Moreover, embodiments and limitations disclosed herein are not dedicated to the public under the doctrine of dedication if the embodiments and/or limitations: (1) are not expressly claimed in the claims; and (2) are or are potentially equivalents of express elements and/or limitations in the claims under the doctrine of equivalents.

Claims

1. A system comprising:

one or more processors; and
one or more non-transitory computer-readable media storing computing instructions configured to, when run on the one or more processors, cause the one or more processors to perform: upon receiving, from a computer network, a conversational input from a user device for a user, determining a context based on one or more contextual units, wherein the one or more contextual units are associated with immediate prior one or more conversational inputs relative to the conversational input; determining an intent associated with the conversational input based on the context; determining one or more entities associated with the conversational input based on the context and one or more expected entities determined based on one or more predefined conversation flows; determining an output based on the intent and the one or more entities; and transmitting, via the computer network, the output to be displayed on the user device.
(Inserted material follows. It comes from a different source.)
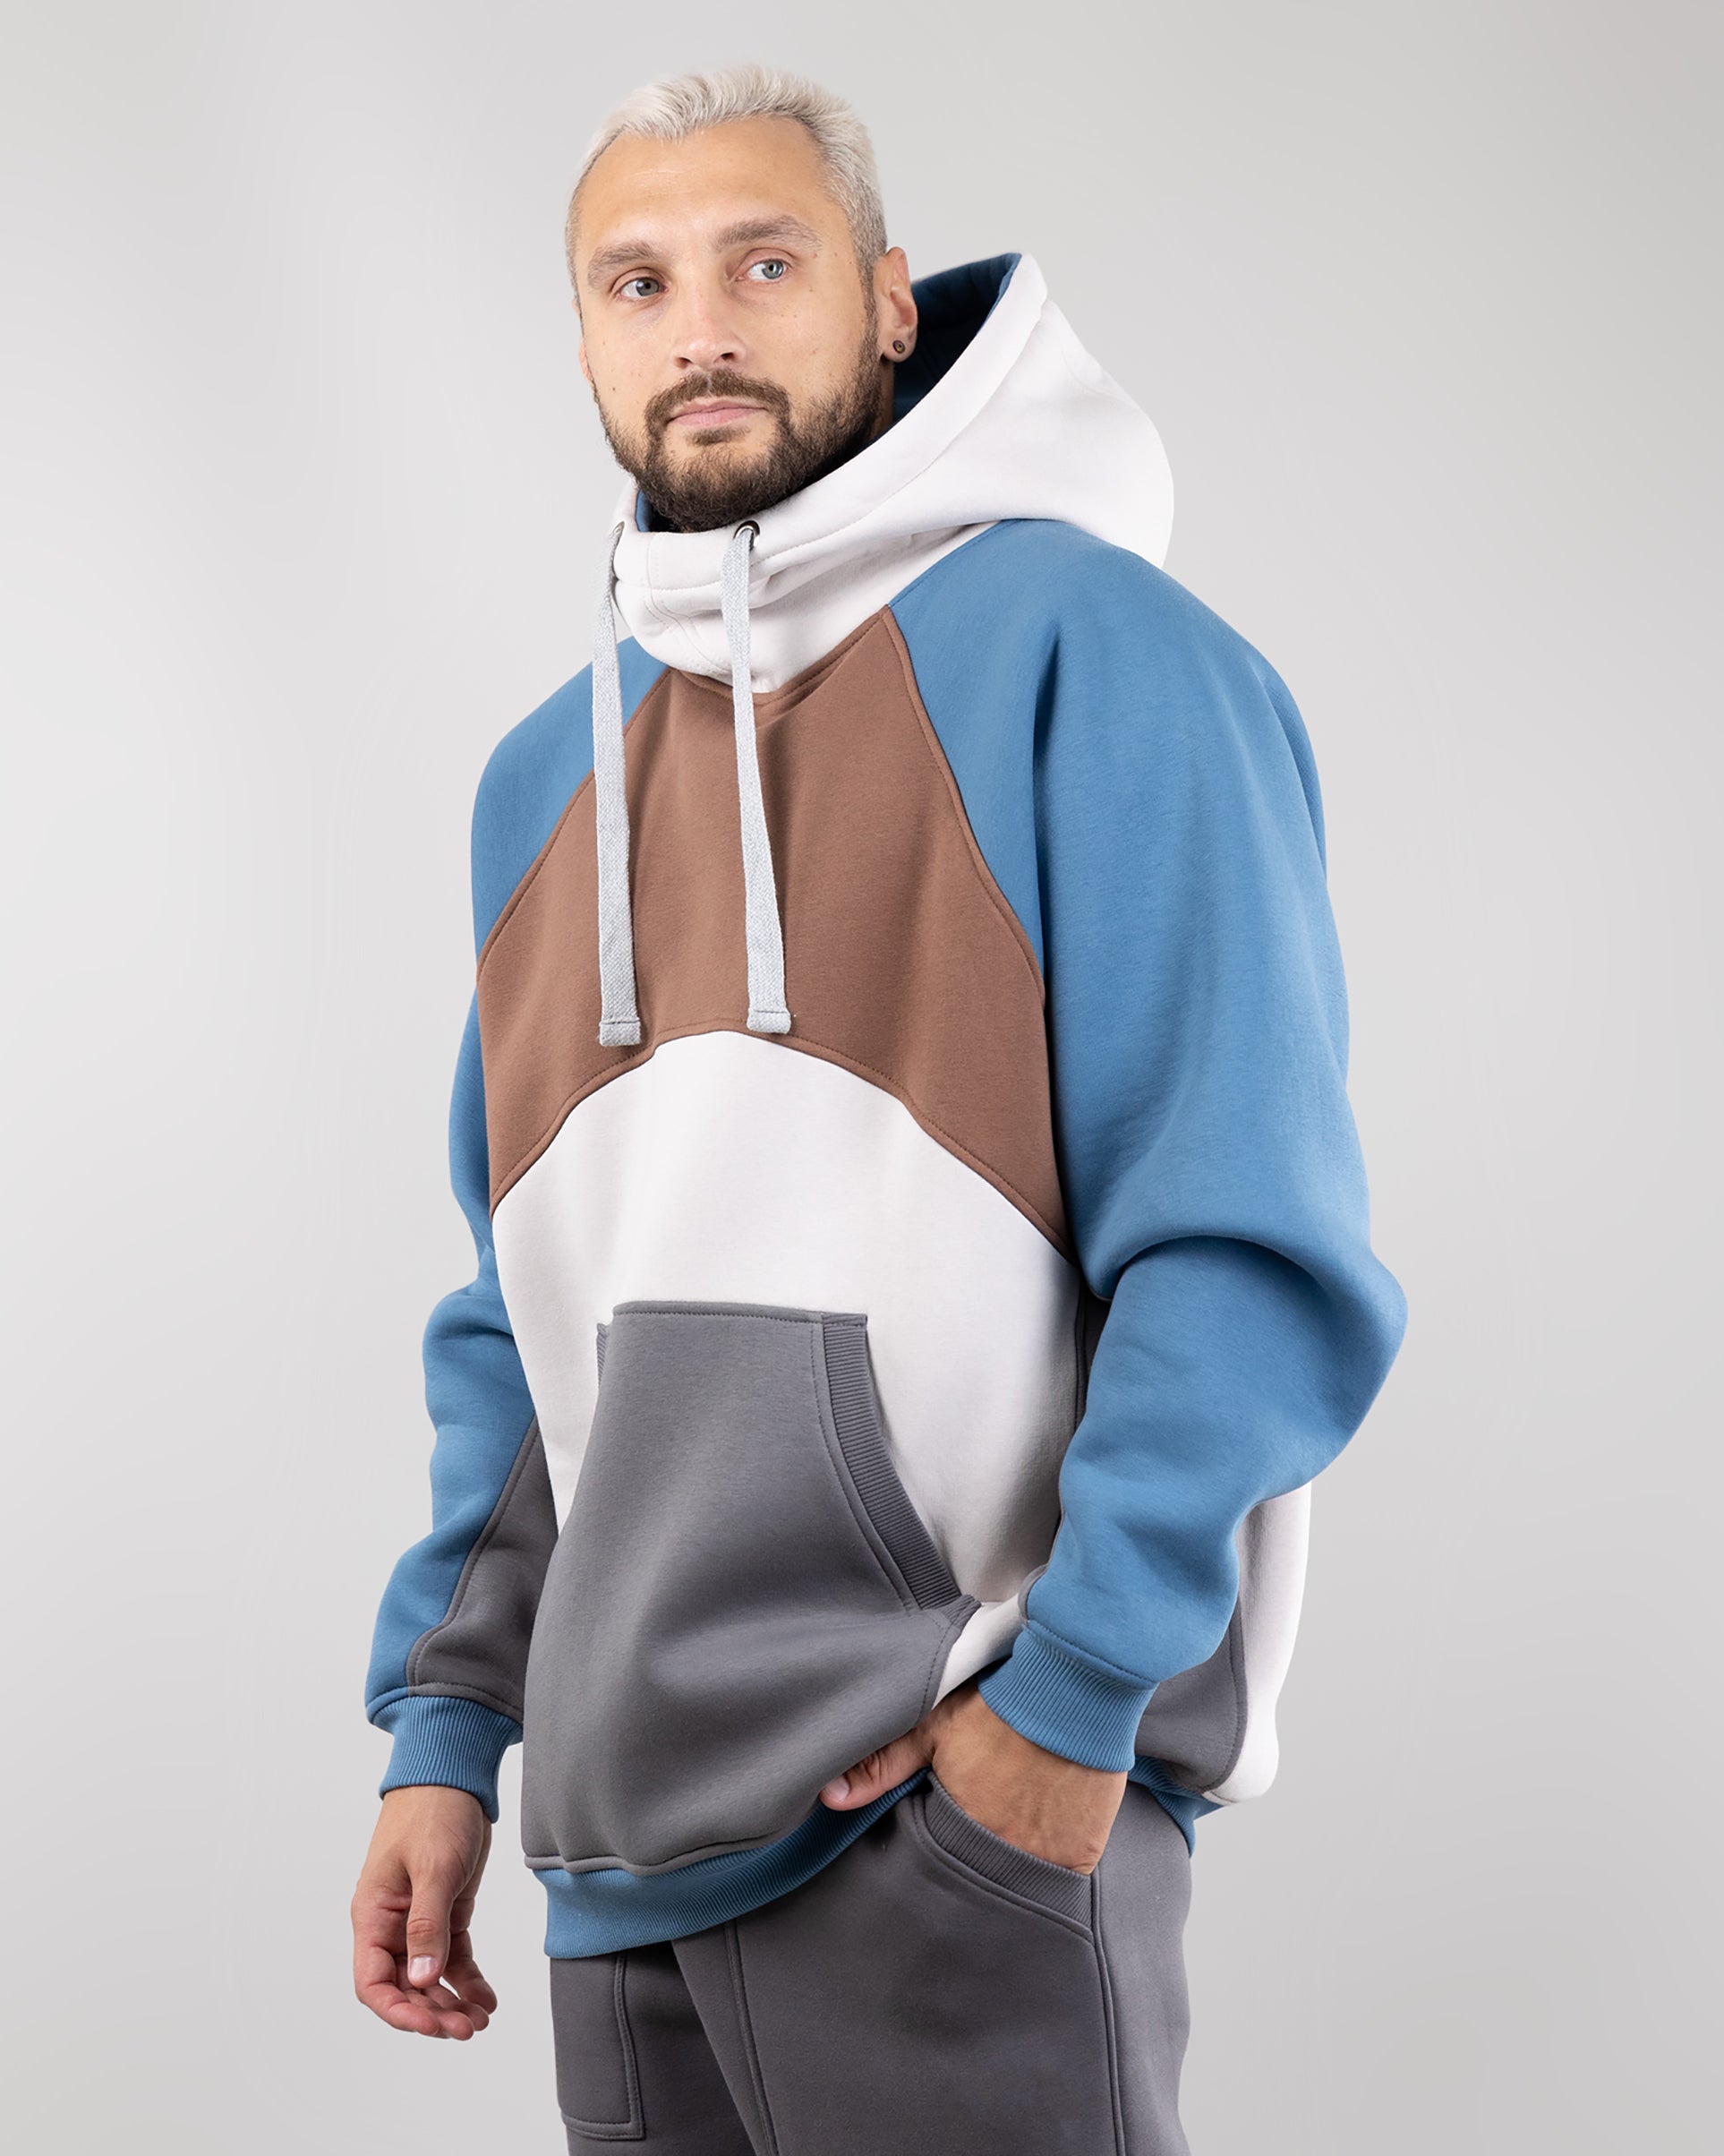 Hoodie "Umka", warm oversize hoodie. Brown/Cream/Blue. Man.

2. The system in claim 1, wherein:

each of the one or more contextual units comprises: a respective context conversational input for each of the immediate prior one or more conversational inputs; a respective context intent vector for a respective context intent associated with the respective context conversational input; and a respective context entities vector for one or more respective context entities associated with the respective context conversational input.

3. The system in claim 2, wherein:

the respective context intent vector is encoded based on the respective context intent and predefined intent vector values; and
the respective context entities vector is encoded based on the one or more respective context entities and predefined entity tags.

4. The system in claim 2, wherein:

determining the context further comprises: generating, by an embedding layer, a respective context token vector for each of the one or more contextual units based on the respective context conversational input of the each of the one or more contextual units; generating, by a feedforward layer, a respective consolidated vector for each of the one or more contextual units based on the respective context token vector, the respective context intent vector, and the respective context entities vector for the each of the one or more contextual units; and concatenating, by an attention layer, the respective consolidated vector for each of the one or more contextual units into a single multi-dimensional context vector.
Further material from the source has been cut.